Dunque, varianti e variazioni sul tema (il volto, il corpo). O meglio «variazioni e varianti», che avrebbe potuto essere un altro bel titolo, includendo in sé, nell’arte del ritratto, musica e letteratura. Certo, le variazioni e le varianti non sono mai indipendenti dalle tecniche, che in Pericoli sono molteplici, e un’ipotesi tutta da verificare è che, passando dalla carta al cartone alla tela, dalla matita o dalla china o dal carboncino al colore del pastello o (ancora di più) dell’acquerello o dell’olio, il ritratto tende ad aprirsi verso una scena teatrale (il tavolo da lavoro, lo studio) e persino a volte a inglobare variamente il paesaggio. Che spesso è un paesaggio interiore portato all’esterno, giocosamente (più di rado drammaticamente) sviscerato. È sul gioco che si scatena la sua «fantasia di avvicinamento» a quello che è di gran lunga il più ritratto dei «suoi» scrittori, Eco, vissuto e rivissuto, visto e rivisto, con divertimento reciproco tra il ritratto e il ritrattista.

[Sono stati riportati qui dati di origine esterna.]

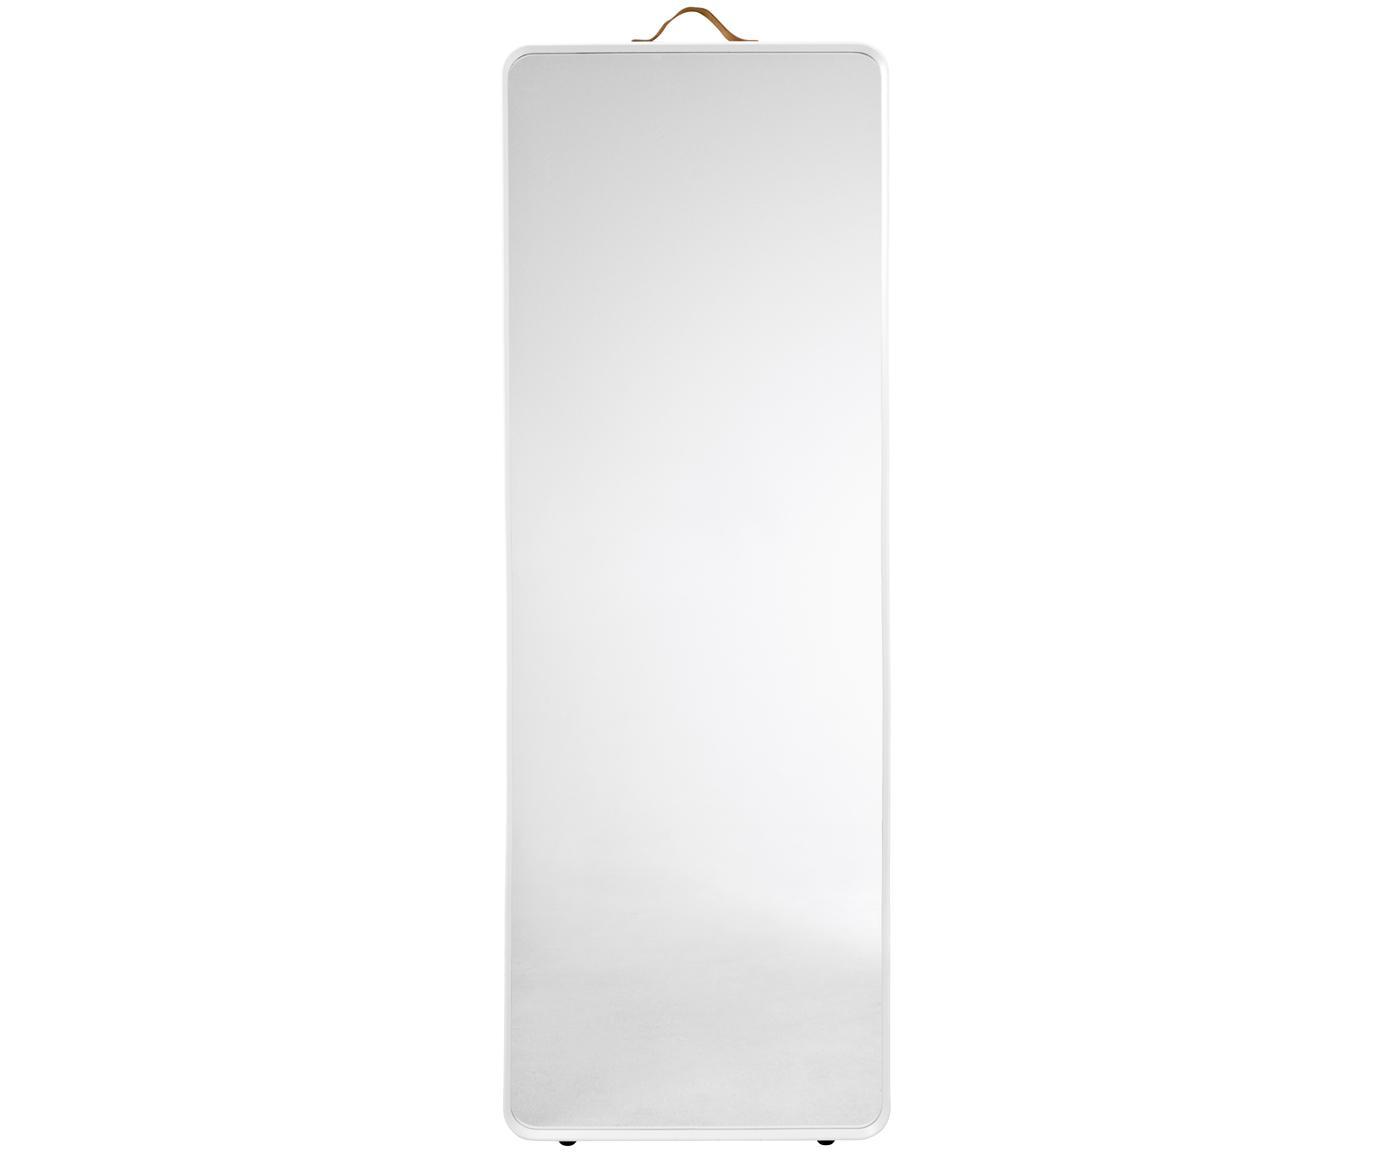 Espejo de pared Norm, Espejo: cristal, Asa: cuero, Blanco, An 60 x Al 170 cm

Fino però all’olio finale (2022), in cui il movimento incessante di una vita fisica e intellettuale sembra arrestarsi tragicamente.
Ovvio che si potrebbe continuare a indagare sulle rughe di Beckett (altra magnifica ossessione di Pericoli), su Gadda dal cappottone, sulle orecchie di Kafka, su Joyce quasi contorsionista, sul papillon di Mann, sulla sigaretta di Montale, senza tralasciare nessuno degli 89 personaggi disegnati, non solo scrittori e artisti, ma filosofi e scienziati (Marx, Darwin, Einstein, Nietzsche, Croce), registi (Buñuel, Hitchcock, Fellini, Woody Allen), musicisti (Stravinskij, Britten). O Rossini, che contiene in sé e fuori di sé interi paesaggi e colline marchigiane. Quelle da cui Pericoli è partito giovanissimo ma che non ha mai lasciato.